Problem to work on:
Omit all pictures and transcribe only the lines in the entries below that run from the line with "Hot Food, Fire" through the line with "#wvnextlevel #watervillevalleyresort".

Exercise inputs:
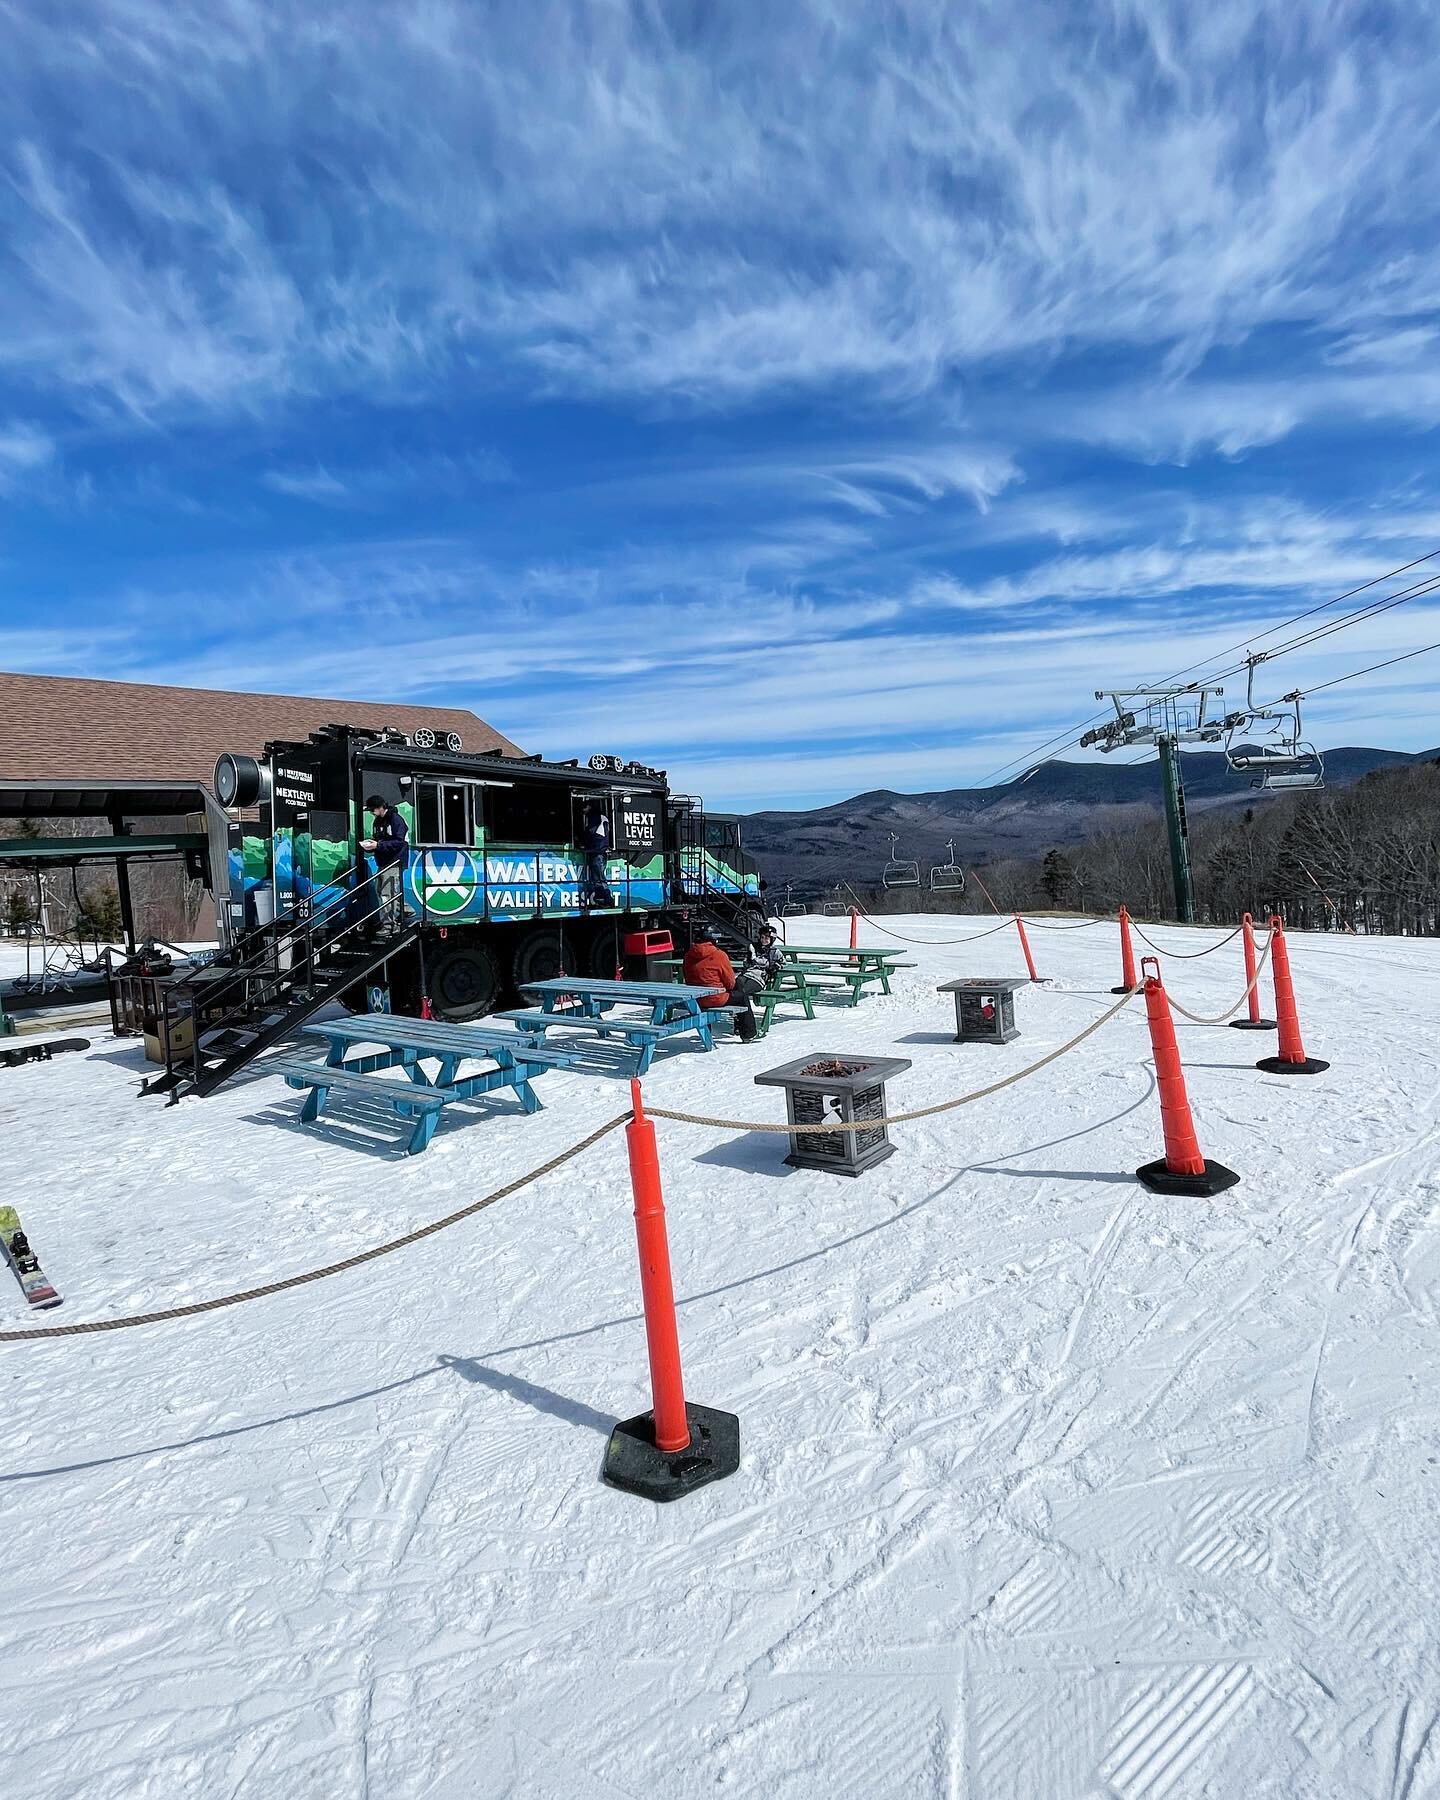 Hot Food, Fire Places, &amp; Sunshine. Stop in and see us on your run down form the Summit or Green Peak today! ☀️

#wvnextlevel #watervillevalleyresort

* * *

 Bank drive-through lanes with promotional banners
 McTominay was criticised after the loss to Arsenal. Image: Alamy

--

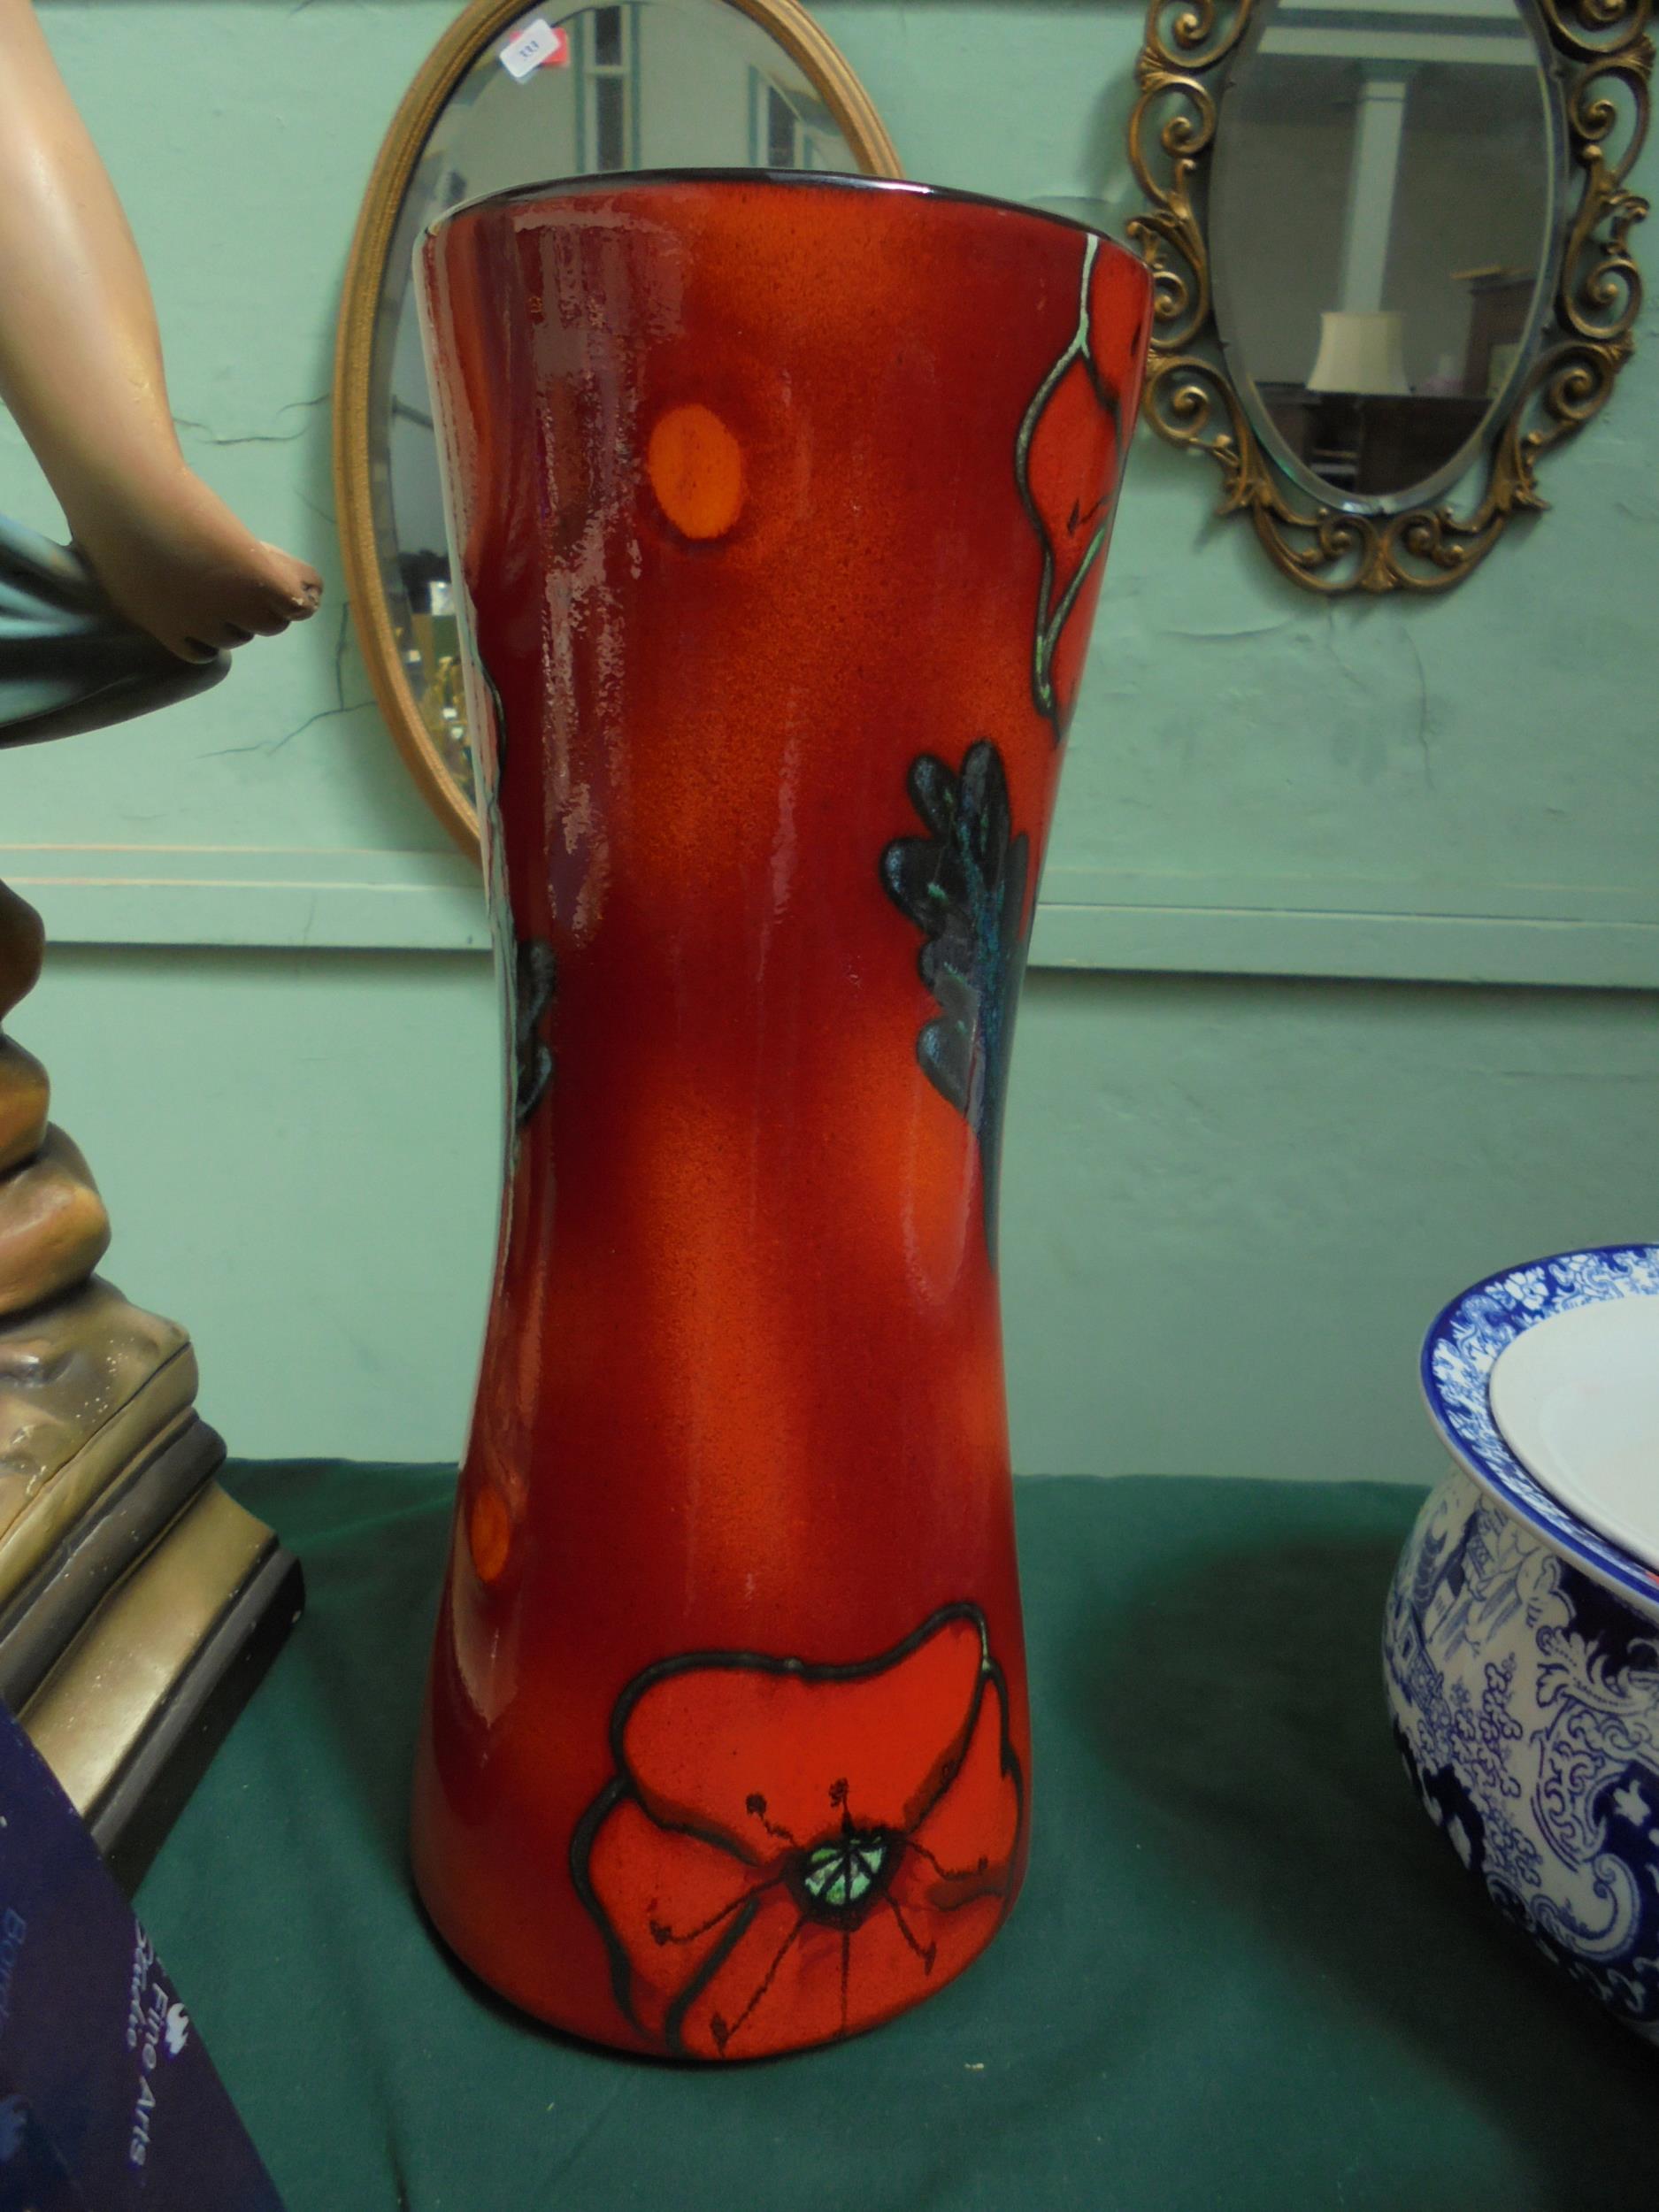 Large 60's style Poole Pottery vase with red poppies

Written solution:
 Hot Food, Fire Places, &amp; Sunshine. Stop in and see us on your run down form the Summit or Green Peak today! ☀️

#wvnextlevel #watervillevalleyresort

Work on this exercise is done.